Kindred comedy spirits
SNL vets Tina Fey and Amy Poehler reunite just for laughs in Baby Mama
Critics who enjoy the new Tina Fey-Amy Poehler comedy Baby Mama are likely to talk up the chemistry between the film’s two female leads. It’s kind of hard to miss.
But it’s easy to understand. The two Saturday Night Live veterans go back to 1993, when they first met in Chicago at the Second City, a school for up-and-coming comic talent.
“I’d heard about Tina on the streets!” said Poehler of that time, during an interview with Fey to promote Baby Mama, which opened Friday.
“We both had moved from where we were going to college to study improv. We performed together on an improv team named after a bad porn. … A gay porn movie. Not necessarily bad.”
“No, excellent,” Fey said.
“So we knew each other when we were just big-eyebrowed, poor, ugly ducklings,” Poehler said.
Said Fey, “I think we’ve always had a mutual respect for each other because we both took improv superseriously at the time.”

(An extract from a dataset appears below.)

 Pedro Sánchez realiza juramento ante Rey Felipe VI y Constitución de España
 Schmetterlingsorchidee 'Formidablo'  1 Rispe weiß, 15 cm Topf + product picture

“Yeah, we did,” Poehler agreed.
“And still kind of do.”
“We still kind of do, yeah.”
During the 2004-05 season of SNL, Fey and Poehler began co-anchoring “Weekend Update,” the longest-running sketch on the comedy series. It had never featured two women before.
That arrangement ended when Fey moved on to write and star in the NBC sitcom 30 Rock.
Former SNL writer Michael McCullers wanted to reunite Poehler and Fey for a feature, which is how Baby Mama came about.
In the film, Poehler plays a working-class woman who agrees to become pregnant with the first child of a career woman played by Fey.
The story for Baby Mama was the creation of McCullers, who also directed the film, which is set in Philadelphia.
Fey had her first child in real life just three years ago and, as a resident of New York City, knows all about big-city parenting.
“My daughter starts preschool next year, so I just went through the process of taking her to her preschool interviews,” she said.
“Did she wear a little power suit, with a teeny-tiny briefcase?” Poehler asked.
“She had a teeny-tiny résumé, made of candy. That you don’t find in the suburbs,” Fey said.
When asked if she wanted to become a mother, Poehler, who is married to actor Will Arnett, answered, “To Sigourney Weaver, yes. I’d love to cradle Sigourney Weaver and tuck her in, and whisper quietly and sing to her.”
In the film, Weaver plays the owner of the surrogacy center who arranges for Fey’s character to meet her surrogate in Poehler.
“One of the things I admire about the movie is that there are things included in it that are true and really humiliating for women, like the doctor who says your uterus is upside-down or it’s shaped like a shoe or your eggs have crossed eyes,” said Weaver, who became a mother for the first time in her 40s.
“I remember when I was carrying my daughter they referred to me as ‘elderly.’ I felt like I had her just in time, before I turned into a pumpkin.”
Continued the actress, “I really do believe what my character says, that there’s no wrong way to have a family as long as the welfare of the child and the health of everyone is kept in mind.”
“I do think it would be slightly disrespectful to people who are dealing with all these issues in a real way to just play it jokey or harsh,” he said. “It’s not how I see the world, and Amy and Tina don’t either. I think they were both looking forward to the chance to show a more grounded, more emotional side.”
“I think it’s harder to make comedy when you can’t curse and stuff; I take great pride in operating within the boundaries of the standard rules,” said Fey, who constantly finds herself straddling that line in 30 Rock and being surprised by how the line can sometimes shift on her.
Baby Mama is rated PG-13, so it can’t get too raunchy. But in the delivery scene, Poehler’s exasperated character lets loose with an especially creative profanity.
“A lot of birthing movies never really talk about how foul people’s mouths get. There were extras who were kind of genuinely startled with me yelling and stuff,” Poehler said.
“I think the take that’s in the movie was the last take of the night,” Fey said.
“Amy asked if it was the last one, and she pulled the Christmas tree down; she pulled out an IV. She didn’t want to wreck the props until it was the last take, and then she tore the place up.”